Today, the process of insurance claim handling for consumers or insurance policy holders is scattered among some 2500 insurance companies, thousands of agents, adjusters, and appraisal firms, dozens of struggling call centers and countless other service providers. A great deal of the process is manual and paper-based, and almost none of it is centralized. Each company owns, operates and pays for its own processing system, each one trying to accomplish the same general goals, each system and process redundant of the competitors' systems. Such older paradigms can often benefit from newer technological advances coupled with innovative methods of doing business. The convergence of information technology, the internet and concomitant methods of doing business offer opportunities to create efficiencies by way of lower costs and greater satisfaction to consumers.
The widespread use of the Internet as it relates to the insurance industry is restructuring and combining traditional value chains, products and services into entirely new products and services which were not possible before. This dramatic restructuring of global business and industry is creating new value chains in what is now commonly called the Network Economy.

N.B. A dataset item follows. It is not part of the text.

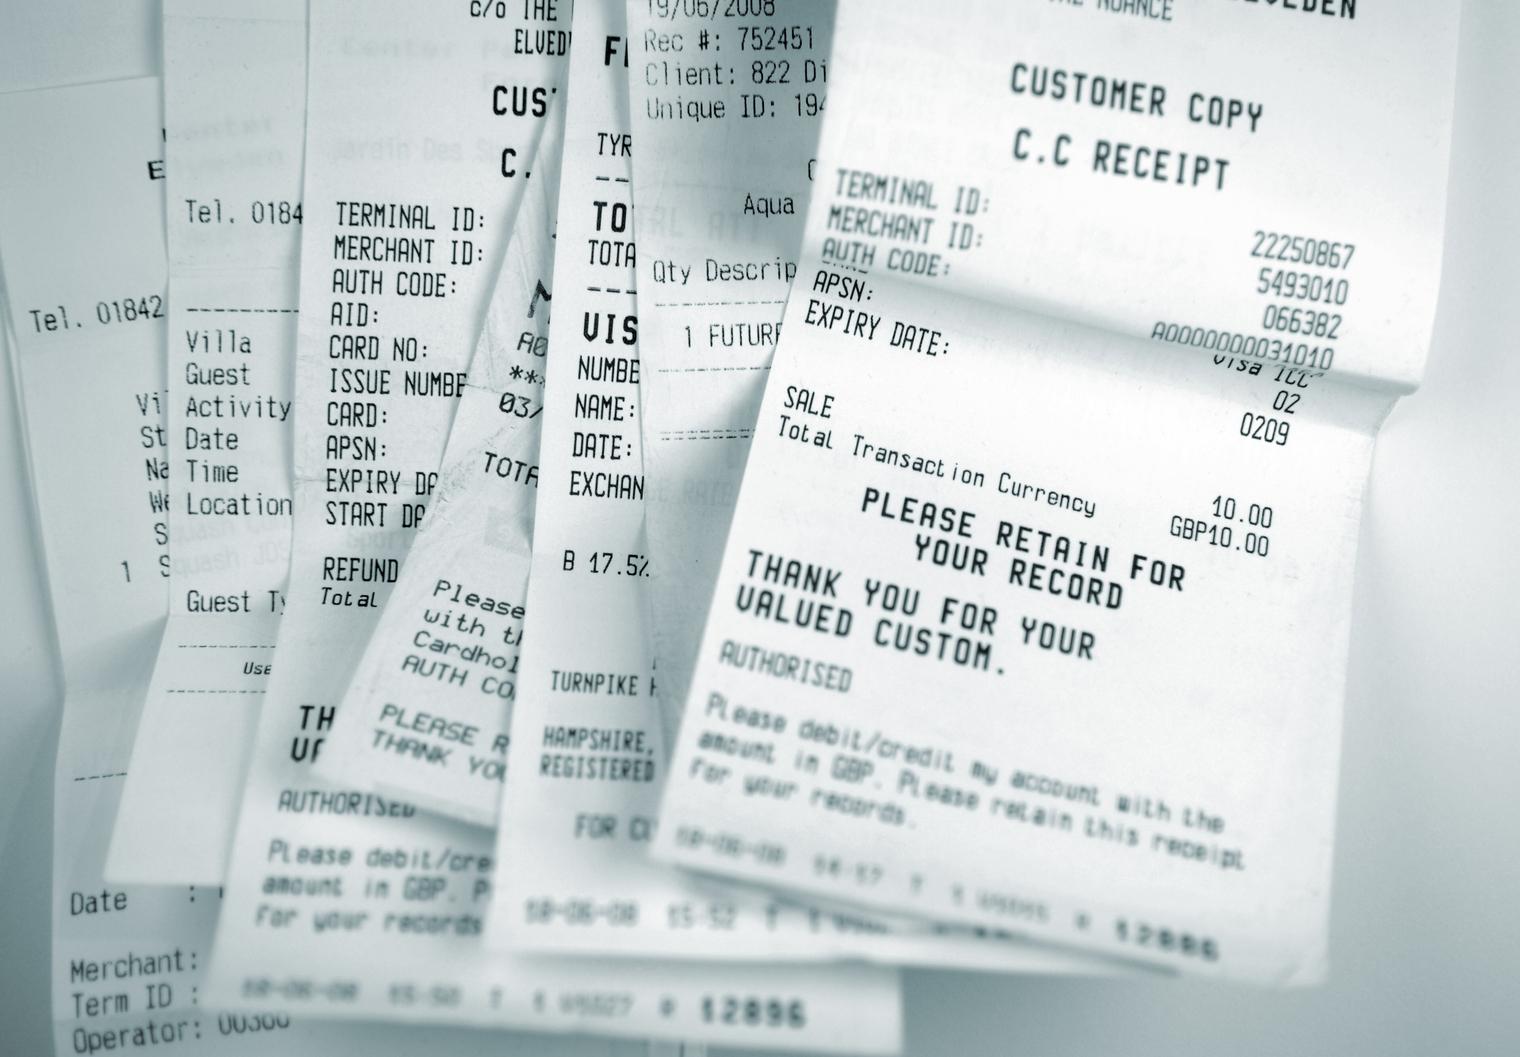 Pile of cash register receipts

One value chain that is likely to be changed forever is the service of taking, recording and handling routine insurance claims. Current claim handling systems are inefficient when viewed in the context of the economy as a whole. For example, every insurance company has its own claims departments, processes and associated overheads. Insurance companies must pass on the costs associated with these departments, processes and overheads in the form of higher premiums to its customers. The paradigm of submitting a loss claim to an insurance company also removes the loss payee from the process of recovering from the loss in a substantive way. As such, the present processes do not provide the insurance consumer or loss payee certain choices that may otherwise be available to satisfy the requirement for being made whole with respect to a loss.
Although the current system of handling claims has been adjusted and fine tuned, it does not employ the powerful tools of Internet communications or network economics that the Internet makes possible. To reduce insurance claim's handling costs and to realize greater levels of efficiency and customer satisfaction, newer technologies must be employed. Tremendous opportunities for revenue are possible when Internet business methods are applied to the entire claim handling process, from the moment of first report, through the reinsurance indemnity process.
The use of the Internet opens up the possibility of centralizing claims processing for an entire industry. In this manner, the insurance industry can obtain the benefits that accrue from one resource rather than the multiple disparate discrete claims handling resources that currently exist.
Through centralizing the claim process and making it accessible to the insurance consumer, the traditional institutional approach to remediating a loss is placed into the hands of the person suffering the loss. This may create opportunities to aggregate the kinds of services and products that a loss payee requires to satisfy the loss. As such, the centralized system can consider volume purchasing of services and products to satisfy the loss payee requirements. Such volume purchasing would lower the cost of goods and services that collectively the insurance industry pays today.
A centralized claim processing center that is accessible by customers, insurance companies and other institutions dealing with the claim loss process, would be beneficial in terms of standardizing a claim's fulfillment, offering choices among competing options for recovering from losses, reducing the overhead costs associated with settling claims, and creating ancillary benefits that only can be achieved from the process of centralization.
Because a centralized conduit for claims processing does not exist in the United States, it is not possible to collect the types of information and data that would be helpful in analyzing how to bring additional efficiencies to the claim loss process. For example, the collection of data regarding the universe of claims may assist in a more equitable rate setting among carriers. Another example where the collection of claim data may be advantageous is in analyzing recovery costs from certain types of losses and determining whether such losses correlate to region or other identifiable statistic.
The existence of a centralized collection of claims would allow subrogation claims files to be created. Once the value of such files are established, there may be a market for their sale. Essentially an exchange of marketable subrogation claims could be created.
Accordingly, a system and method is needed that will enable all parties involved in a loss claim process including but not limited to customers, carriers, agents, brokers, claims service representatives (CSRs), suppliers, and attorneys to resolve needs stemming from loss claims at a central, branded, secure website serving claims for multiple participating insurers. Such a site would also permit the aggregation of products and services to fulfill the loss recovery activity. Additionally, such a site would permit the aggregation of subrogation claims that could thereafter be sold or auctioned in an exchange environment.